Ela foi construída com base nas seguintes hipóteses, supondo um crescimento real do PIB de 4,5%, uma inflação média de 5,5% e uma taxa Selic de 12%:

a) variáveis em que se adotam os mesmos percentuais do PIB de 2010: sentenças judiciais, outras despesas obrigatórias, despesas do Ministério da Saúde e de Desenvolvimento Social e ajuste associado a Itaipu;

b) variáveis definidas na projeção orçamentária oficial: receitas e transferências a Estados e municípios (mas com a hipótese de preservação do valor nominal da compensação da Lei Kandir e descontados R$ 12 bilhões das receitas brutas e R$ 4 bilhões da líquida, nesse caso conforme declarações de autoridades depois do envio do projeto de lei orçamentária); despesas do PAC (que não seriam contingenciadas, conforme determinação presidencial); despesa com pessoal, subsídios e subvenções e INSS, FAT e Loas, no caso desses com ajuste, considerando um salário mínimo de R$ 545;

c) variáveis em que se adotam premissas específicas: créditos extraordinários (mínimo como proporção do PIB observado na série 2005/2010); Ministério de Educação (aumento da despesa de custeio, por conta de compromissos assumidos com o setor) e superávit primário de Estados e municípios e estatais (hipótese de ajuste de 0,2% do PIB entre 2010 e 2011); e

d) variáveis em que se supõe um corte nominal de 10% no valor da despesa em relação a 2010: transferências ao Banco Central, despesas com Legislativo e Judiciário e gastos "off PAC" com ministérios que não os da Saúde, Educação e Desenvolvimento Social.
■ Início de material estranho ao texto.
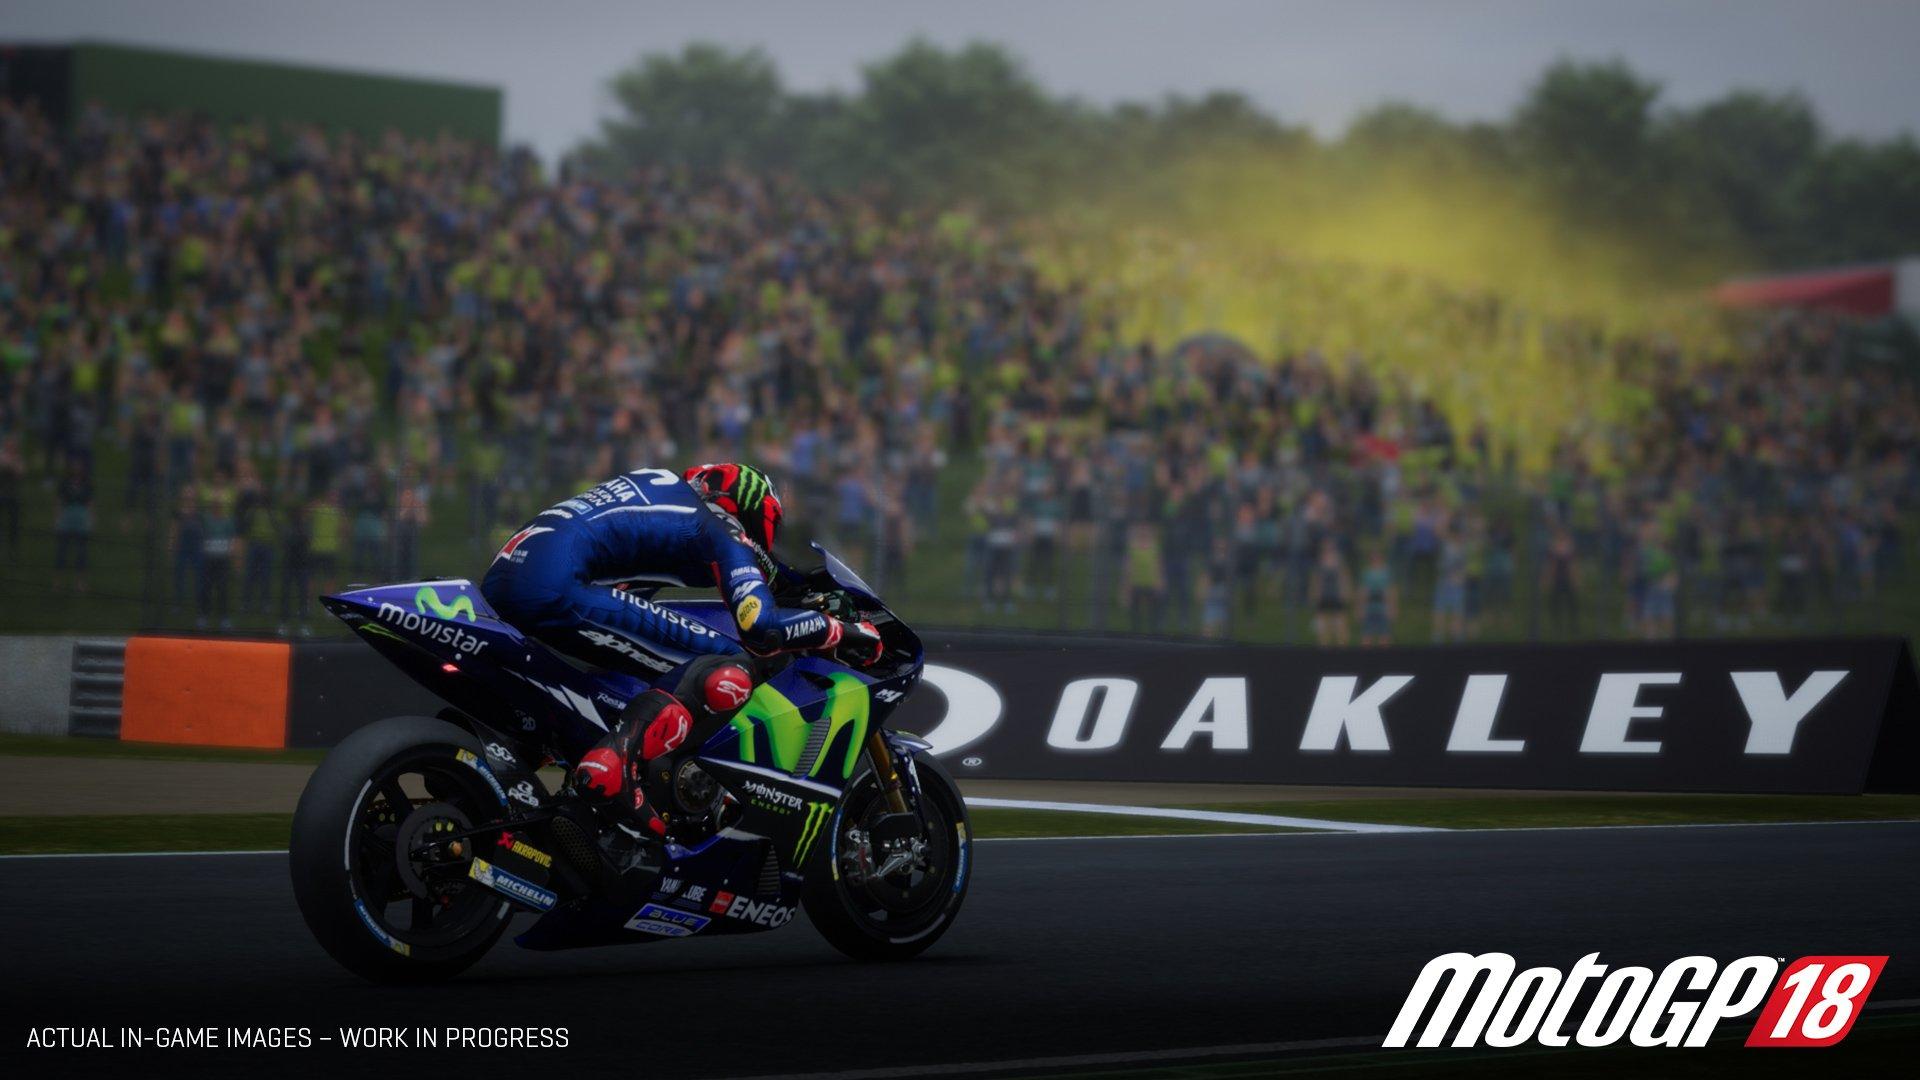 MotoGP 18 preview 11

O resultado aparece exposto na tabela. Ela indica que, se o governo gastar efetivamente R$ 32 bilhões com o PAC, dificilmente poderá aspirar a cumprir a meta "cheia" de superávit primário (sem descontos do PAC) em 2011 e que, pelo aumento previsível da despesa com juros, o déficit público nominal será maior (e não menor) que o de 2010 e superior a 3% do PIB. Ao mesmo tempo, o exercício mostra as consequências negativas da contabilização da capitalização da Petrobras no resultado primário de 2010. Isso vai transformar o que seria um ajustamento primário efetivo de 0,7% do PIB, em uma pequena piora do superávit primário na contabilidade oficial.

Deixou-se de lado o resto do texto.